[Work to complete]
Copy out the lines beginning with the one that contains "intex jogger headphone" and ending with the last line below, exactly as they stand. Pictures are not copied.

[Data excerpt]
►
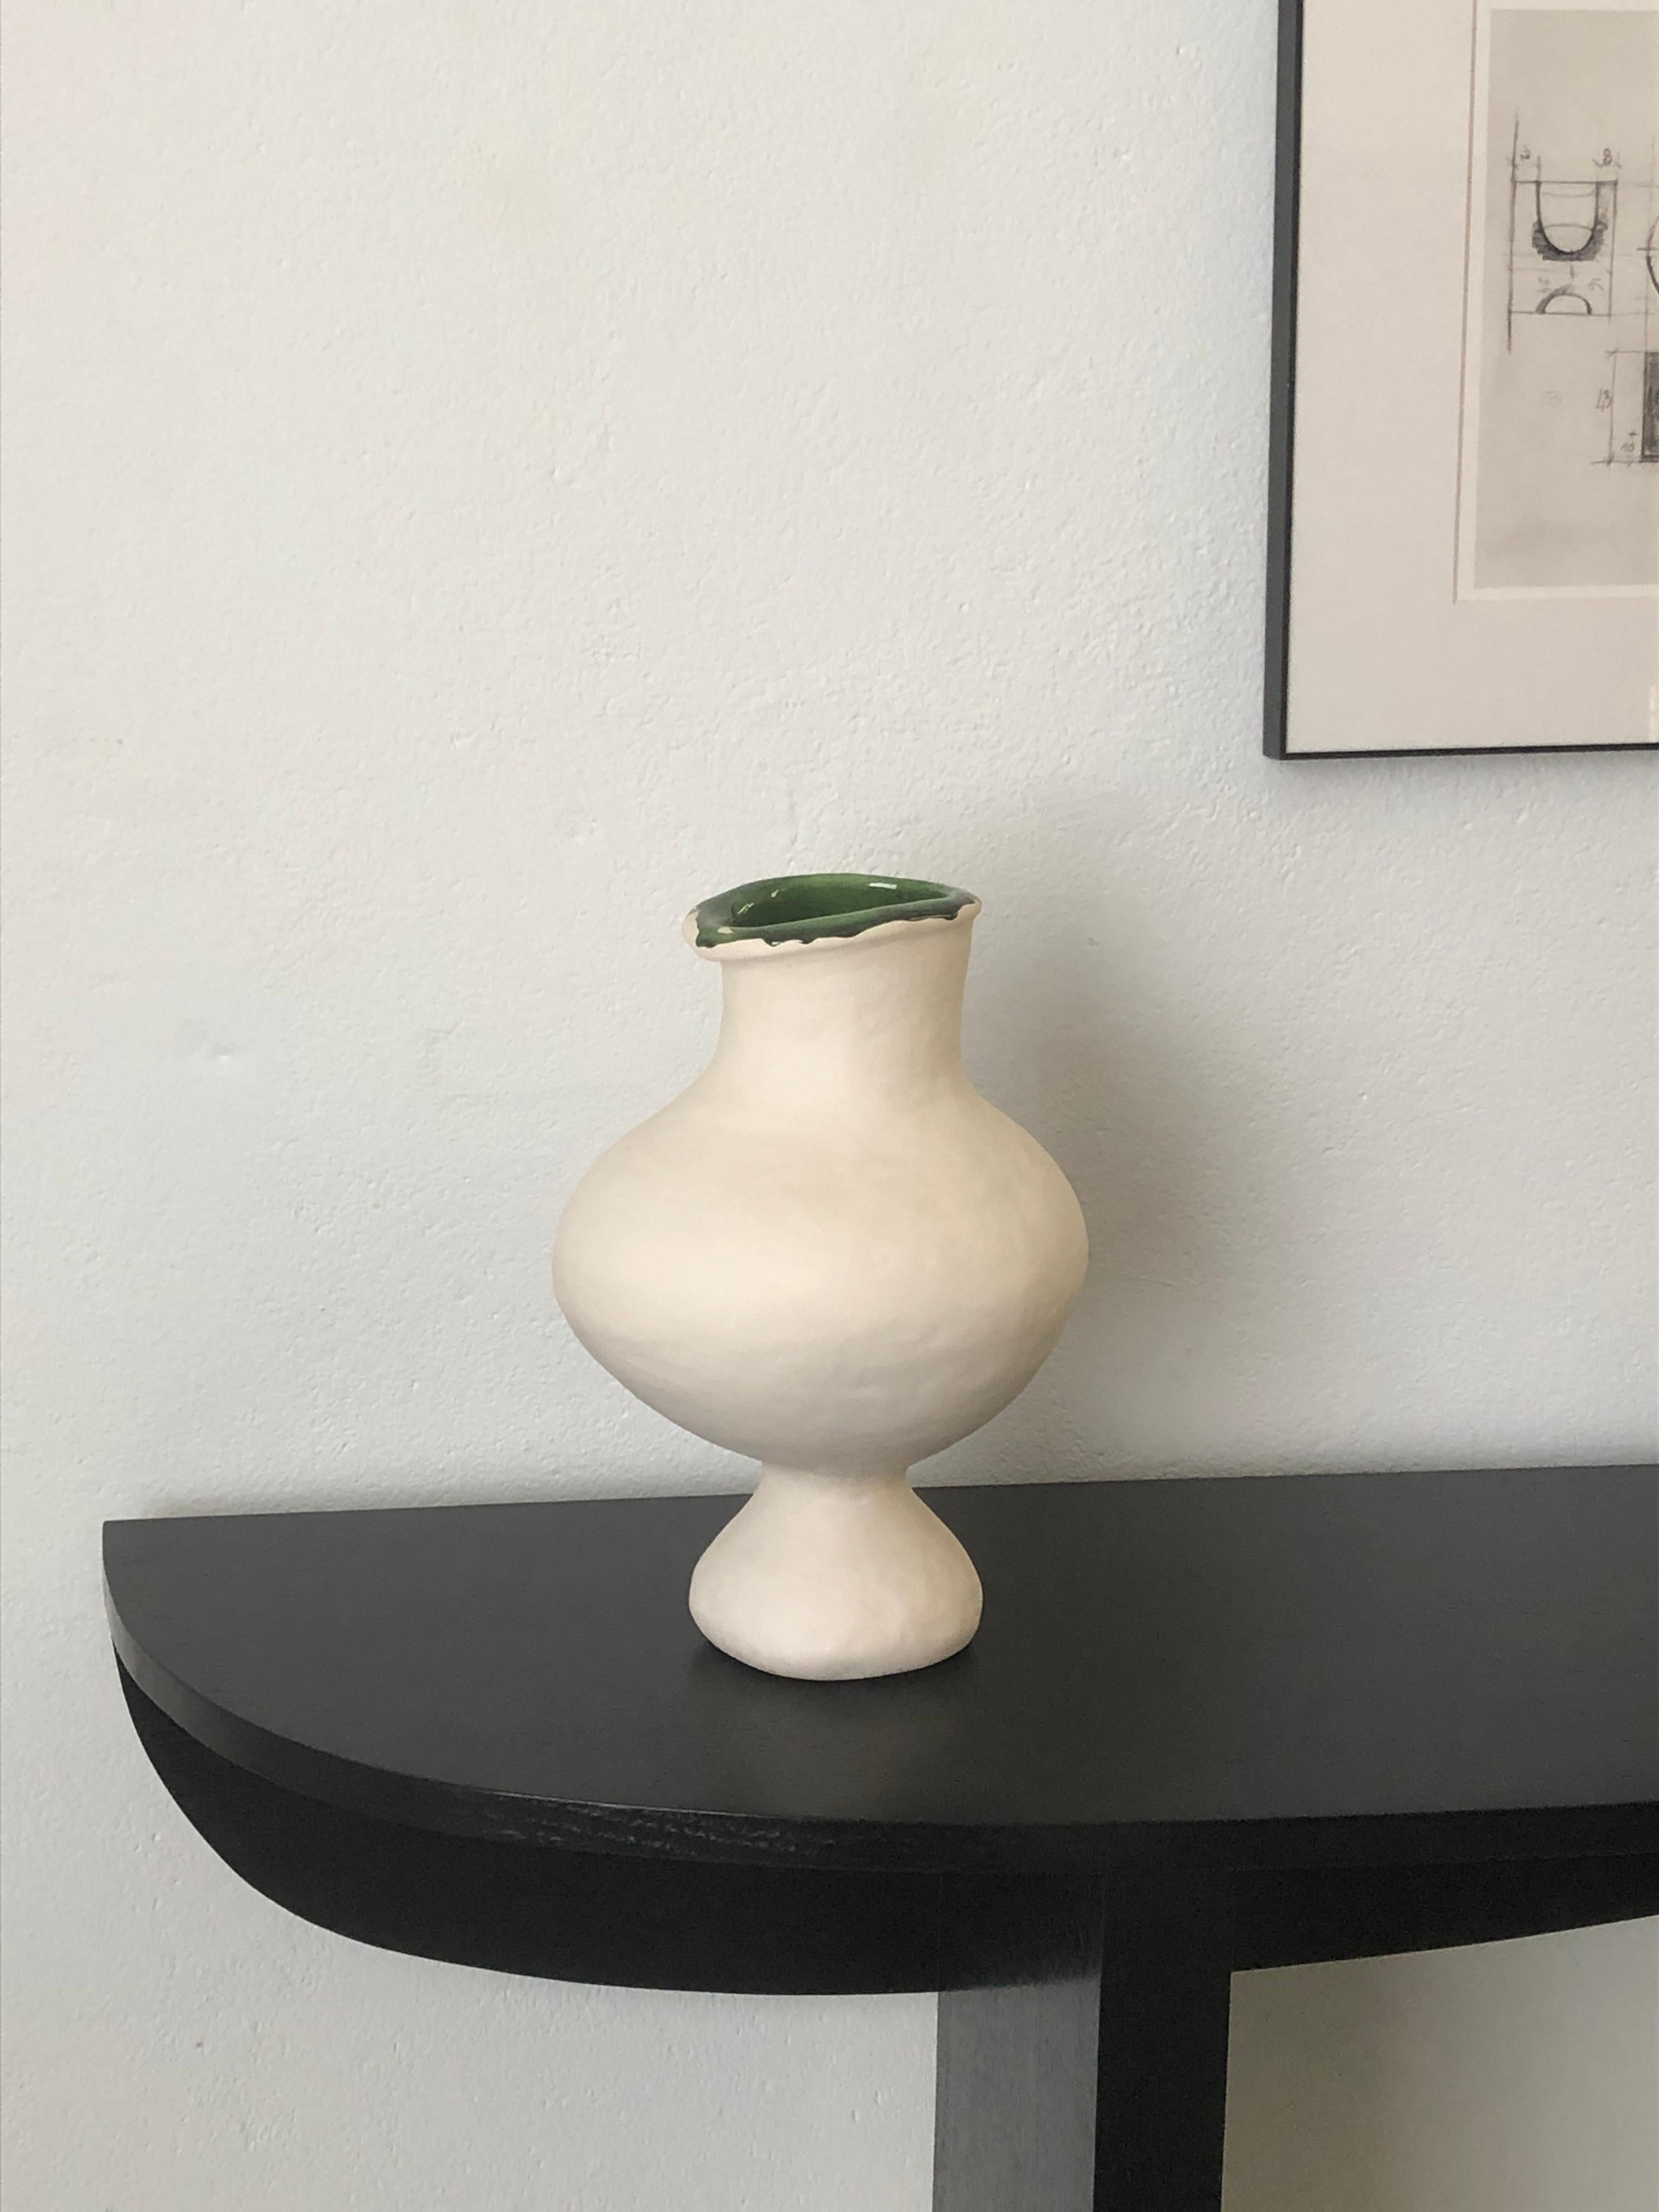 Ein skurriler Keramikkrug nach einem Picasso-Gemälde. Aus weißem Steingut mit grün glasierter Innenseite.
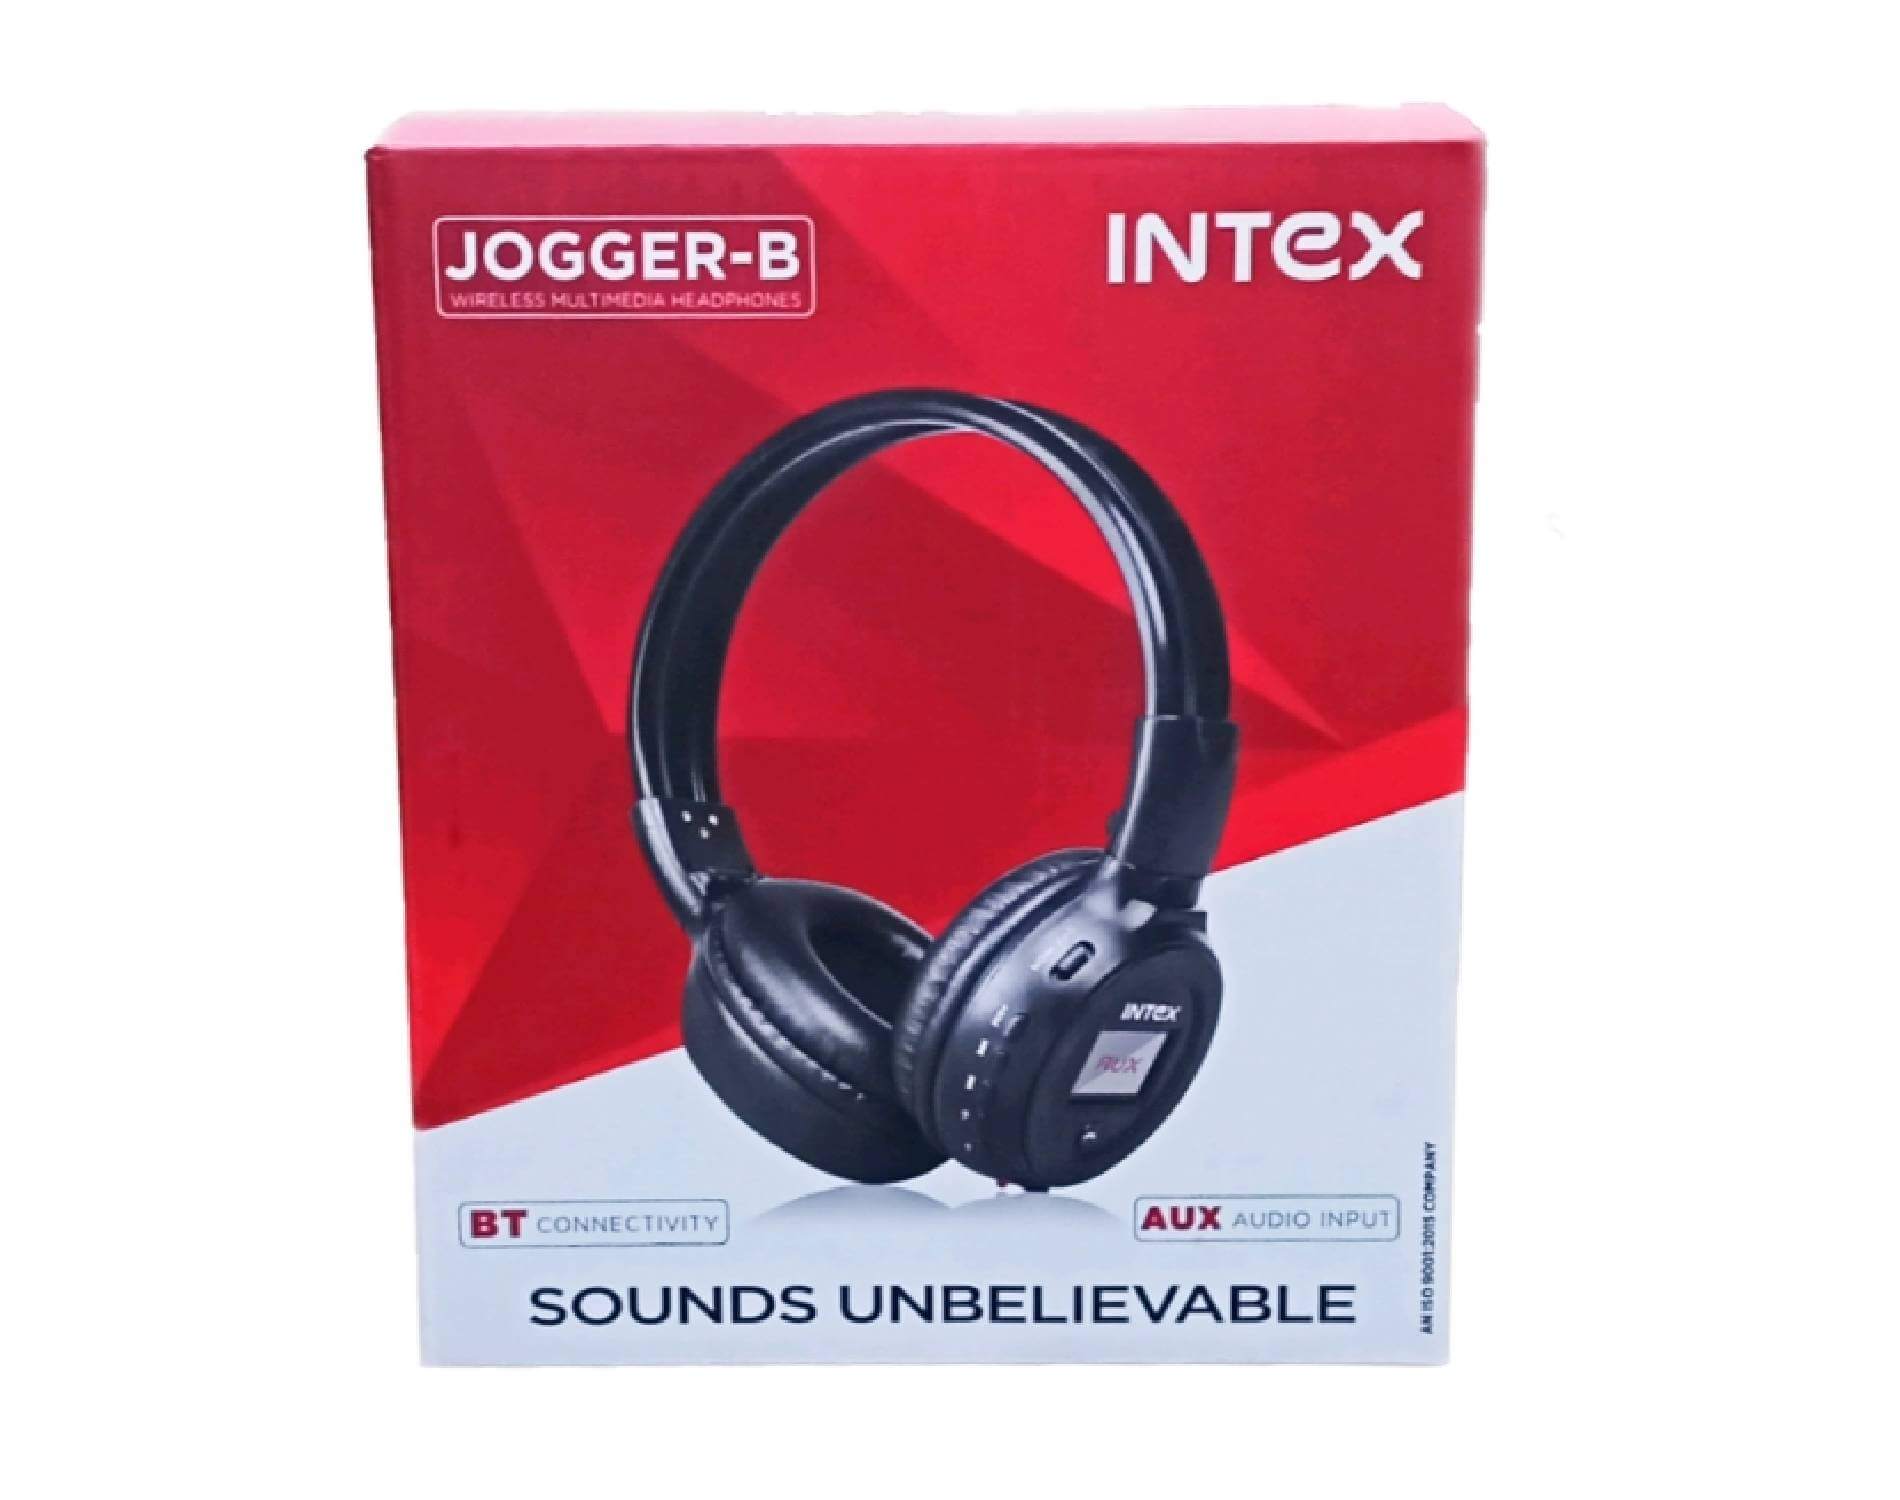 intex jogger headphone
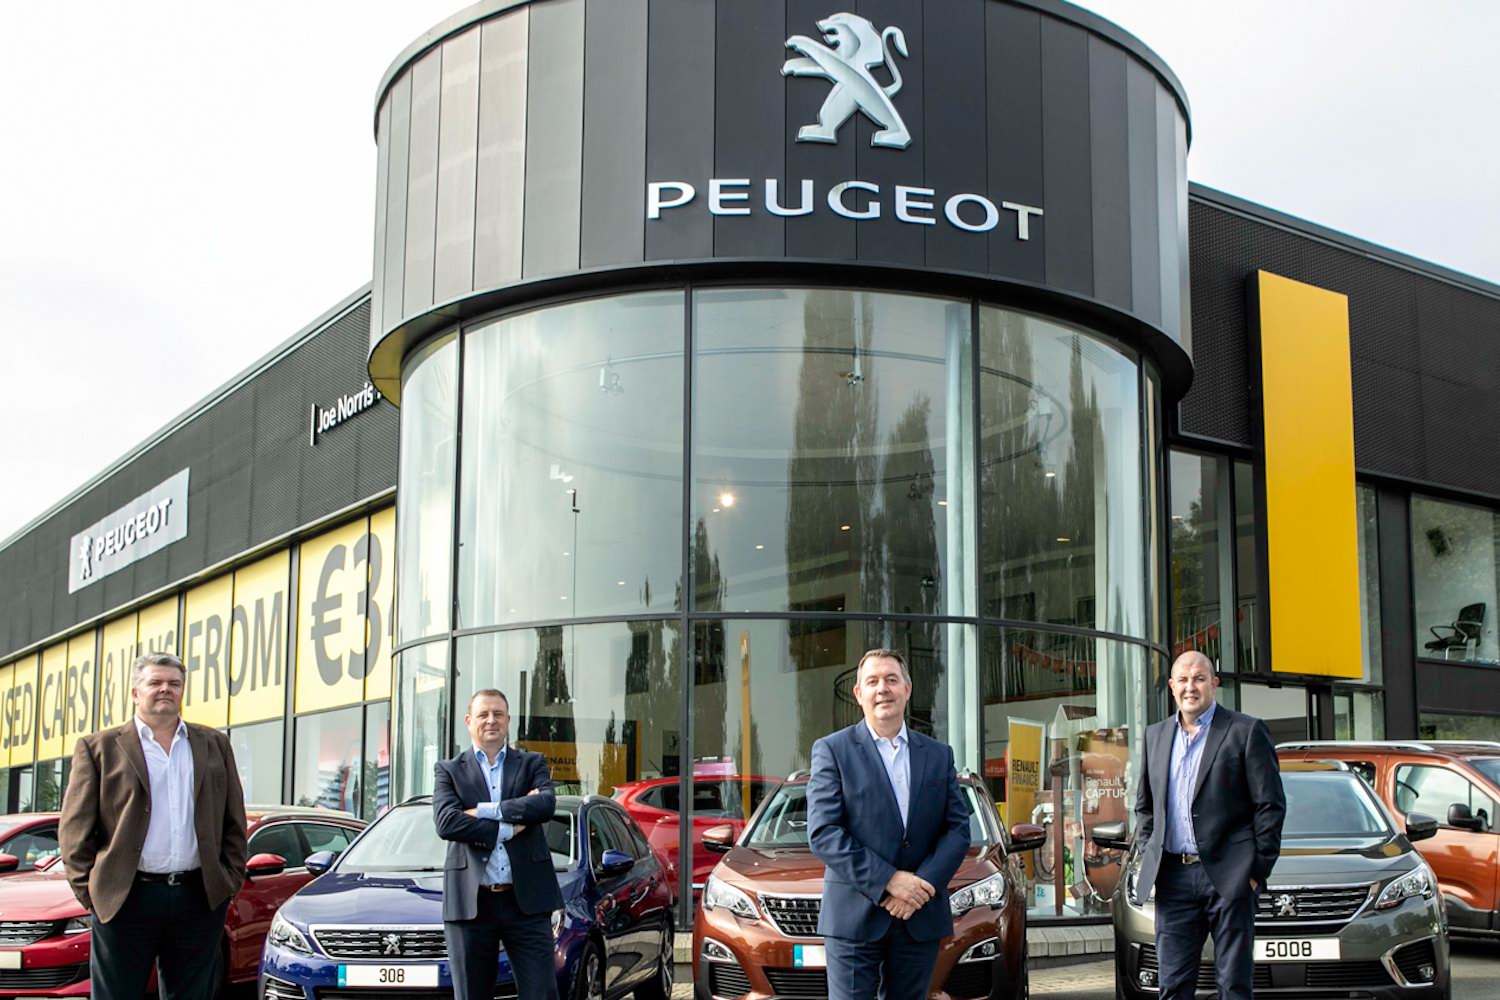 Car Industry News | Joe Norris Motors joins the Peugeot dealer network | CompleteCar.ie
◄
[Your response]
 intex jogger headphone
 Car Industry News | Joe Norris Motors joins the Peugeot dealer network | CompleteCar.ie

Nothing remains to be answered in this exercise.